A method for tracking a target in computer vision is disclosed. The method generates an integral image (22) based on the input image. Then the image is split into portions (24). For each new portion a definite integral corresponding to the portion is computed using an integral image (25). Based on the definite integrals a new portion is chosen for splitting (26). The new portion is processed correspondingly and the processing is repeated until a termination condition is reached (27).

Description

    FIELD OF THE INVENTION
  • This invention is related to random number generating, optimization, and computer vision.
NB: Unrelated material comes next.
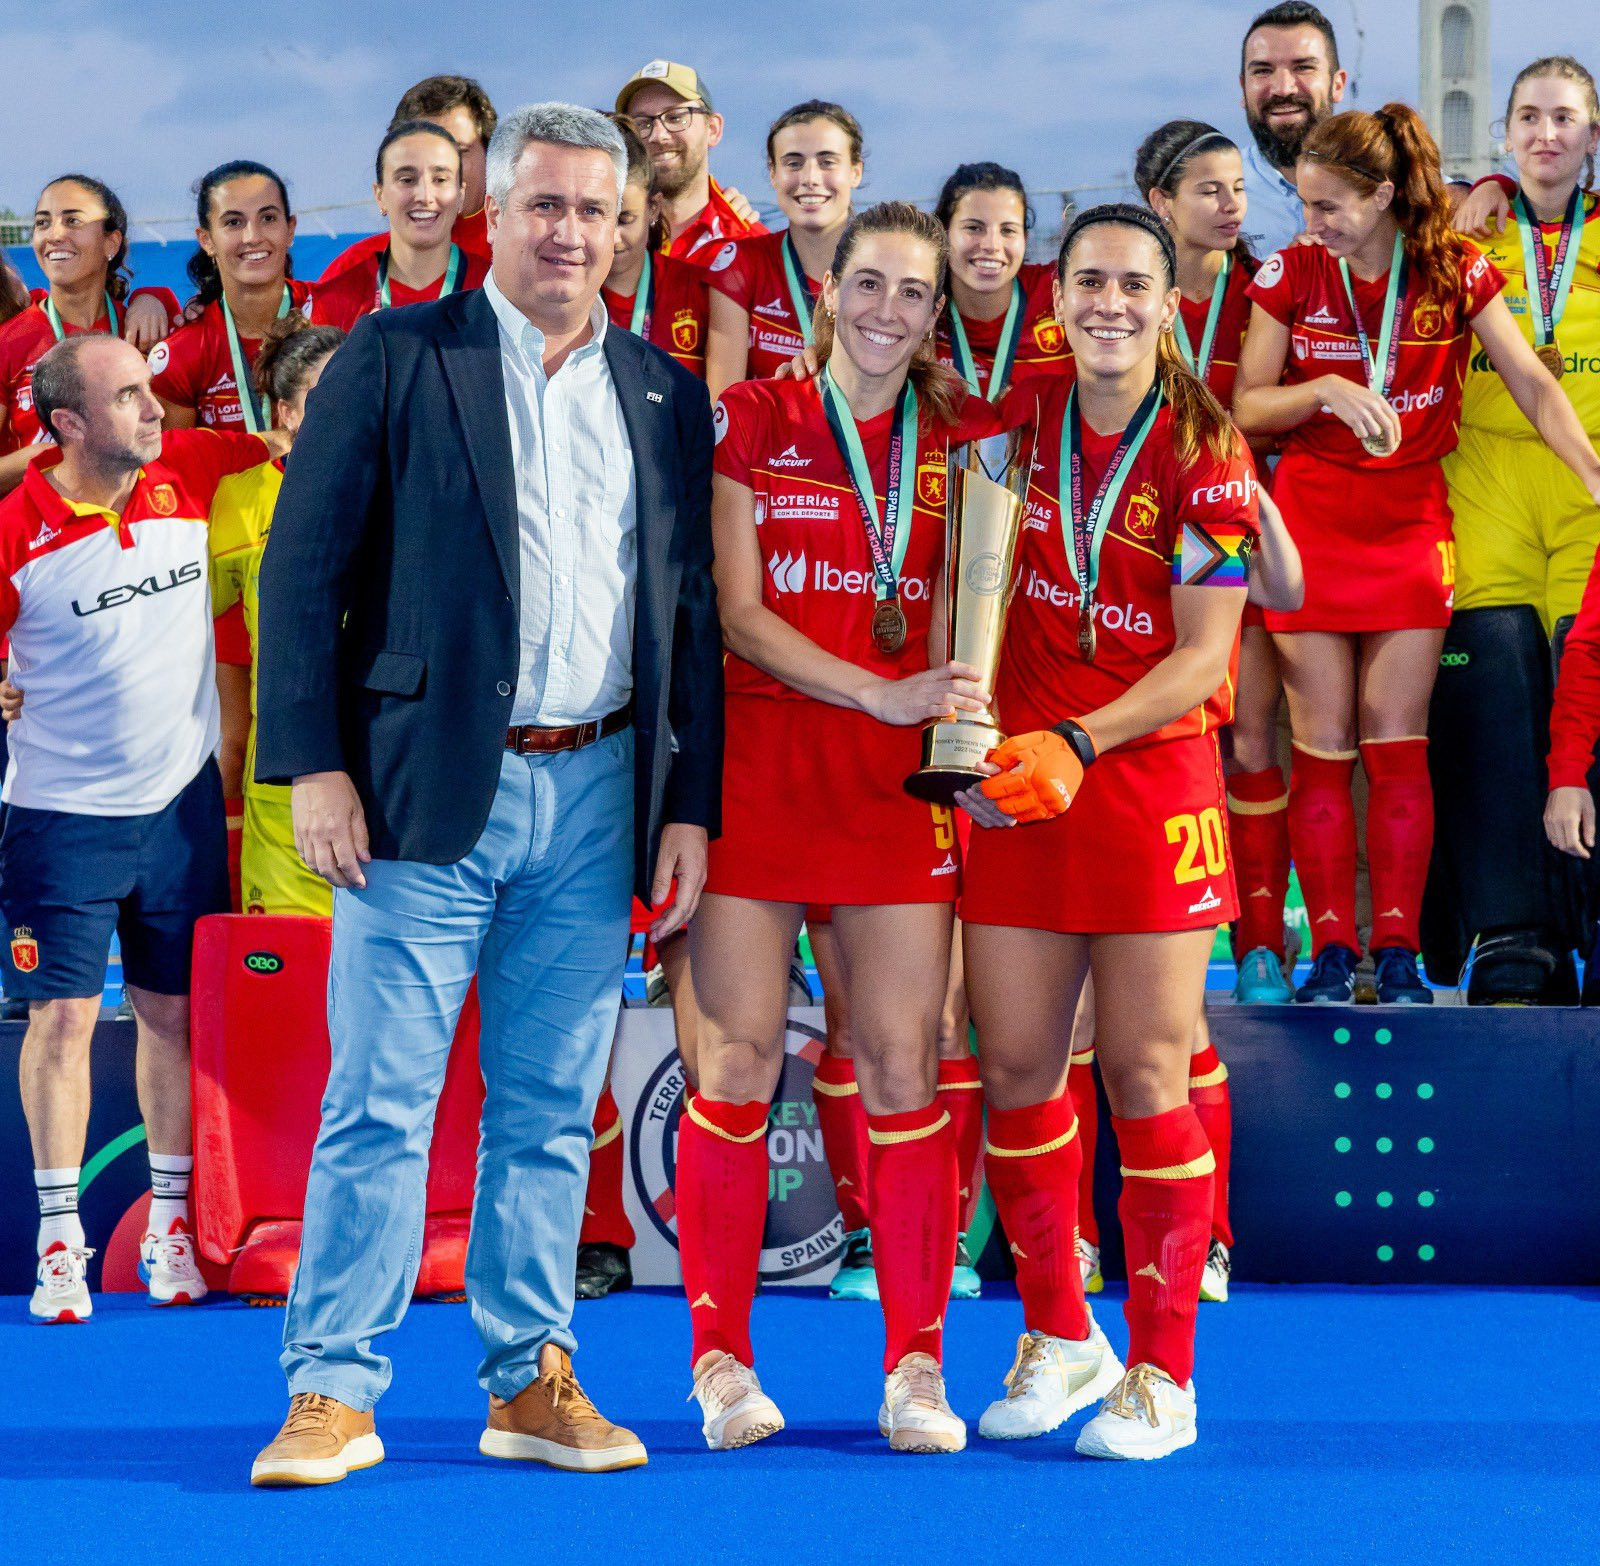 Spain won the Nations Cup Final on home soil, meaning Ireland missed out on promotion to the FIH Pro League. X @FIH_Hockey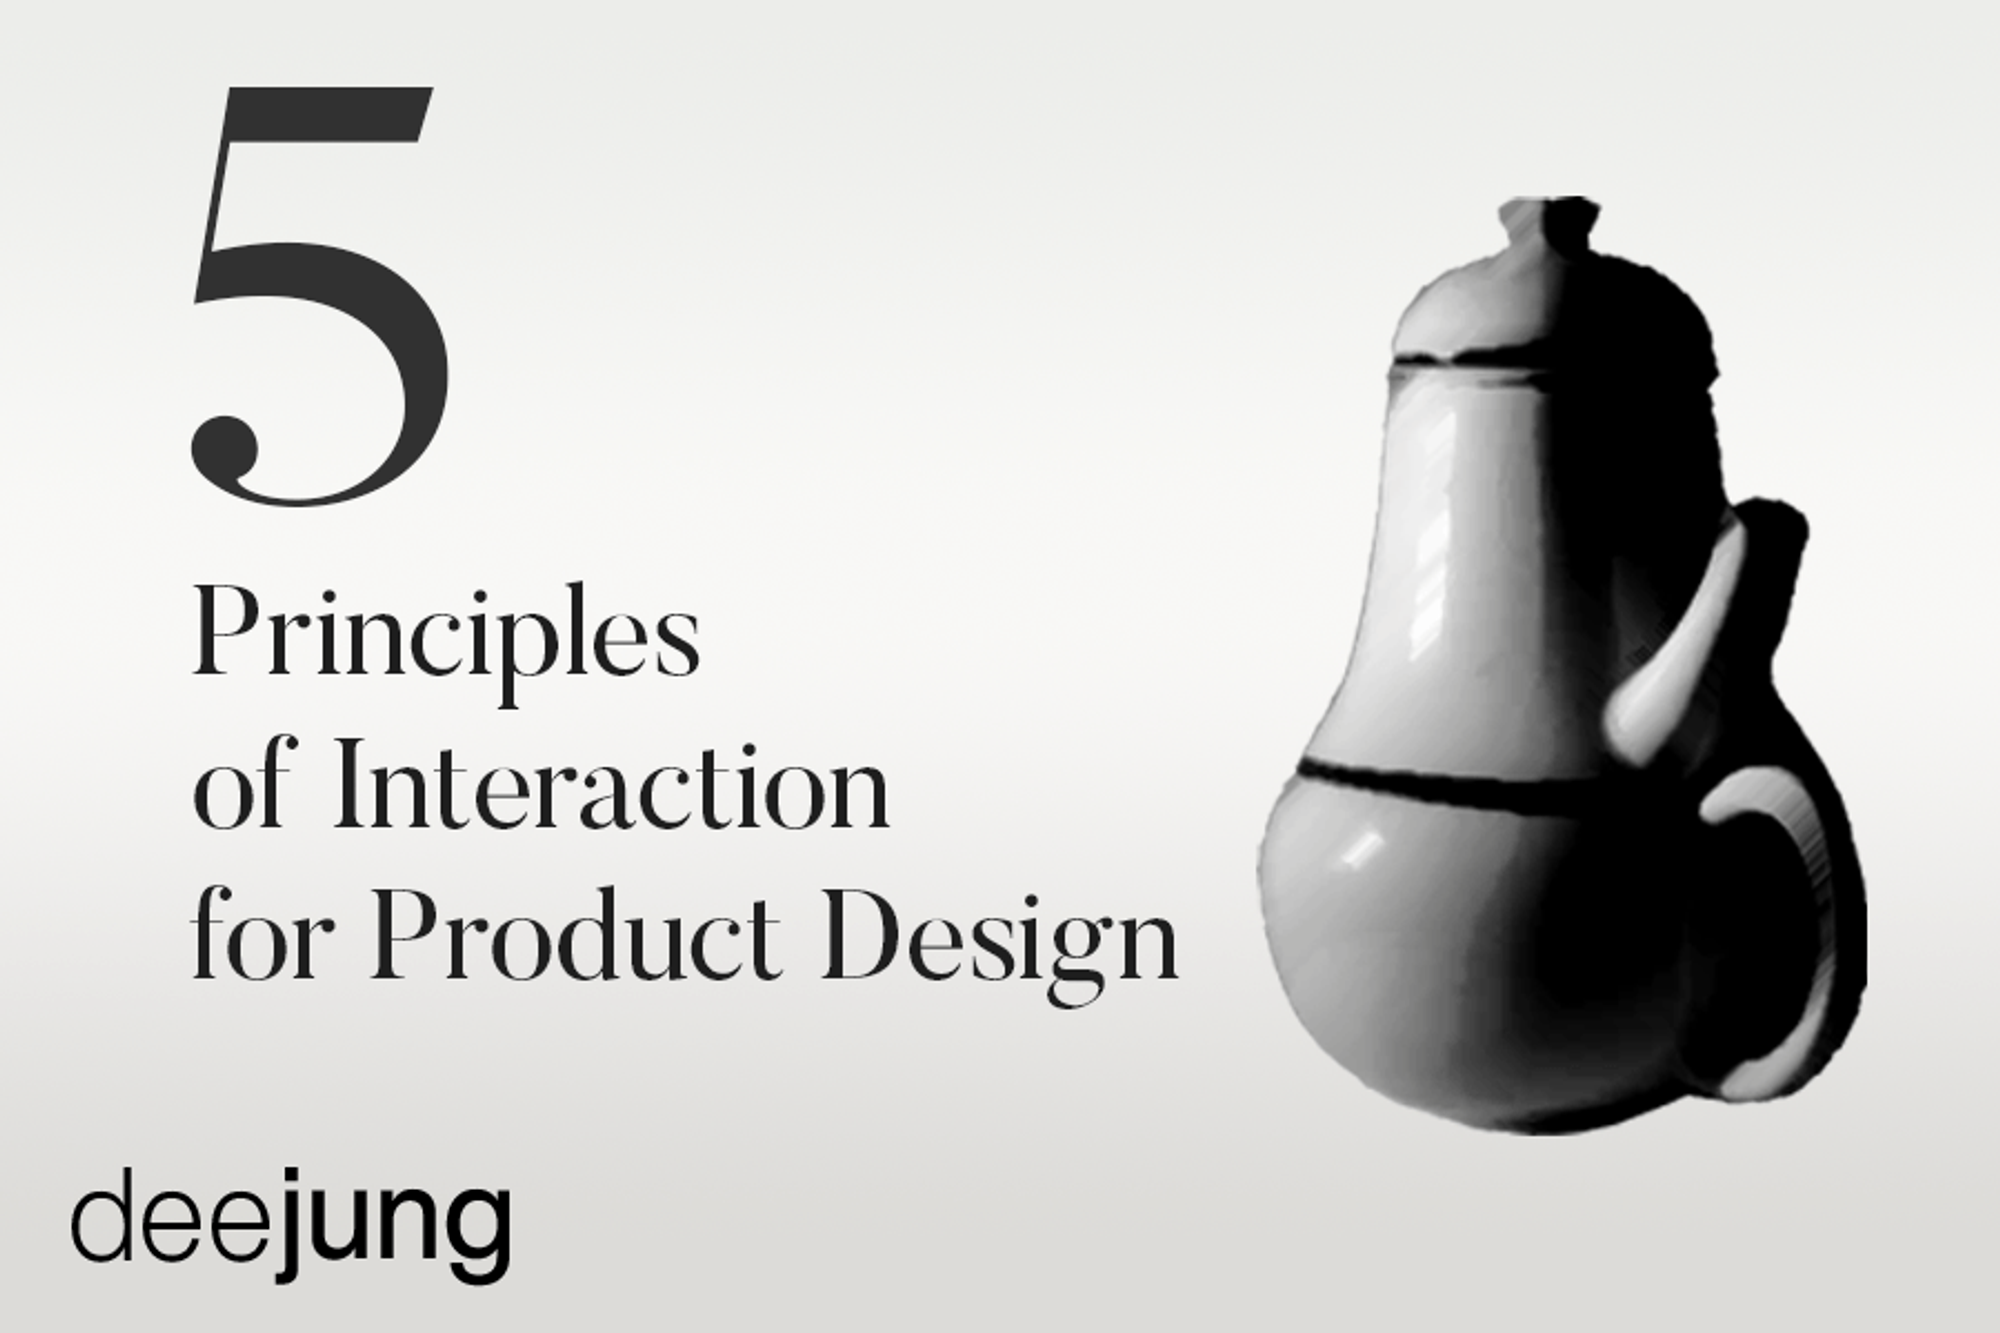 Principles of Interaction in Product Design

  • BACKGROUND OF THE INVENTION
  • Computer vision has been used in several different application fields. Different applications require different approaches as the problem varies according to the applications. For example, in quality control a computer vision system uses digital imaging for obtaining an image to be analyzed. The analysis may be, for example, a color analysis for paint or the number of knot holes in plank wood.
  • One possible application of computer vision is model-based vision wherein a target, such as a face, needs to be detected in an image. It is possible to use special targets, such as a special suit for gaming, in order to facilitate easier recognition. However, in some applications it is necessary to recognize natural features from the face or other body parts. Similarly it is possible to recognize other objects based on the shape or form of the object to be recognized. Recognition data can be used for several purposes, for example, for determining the movement of an object or for identifying the object.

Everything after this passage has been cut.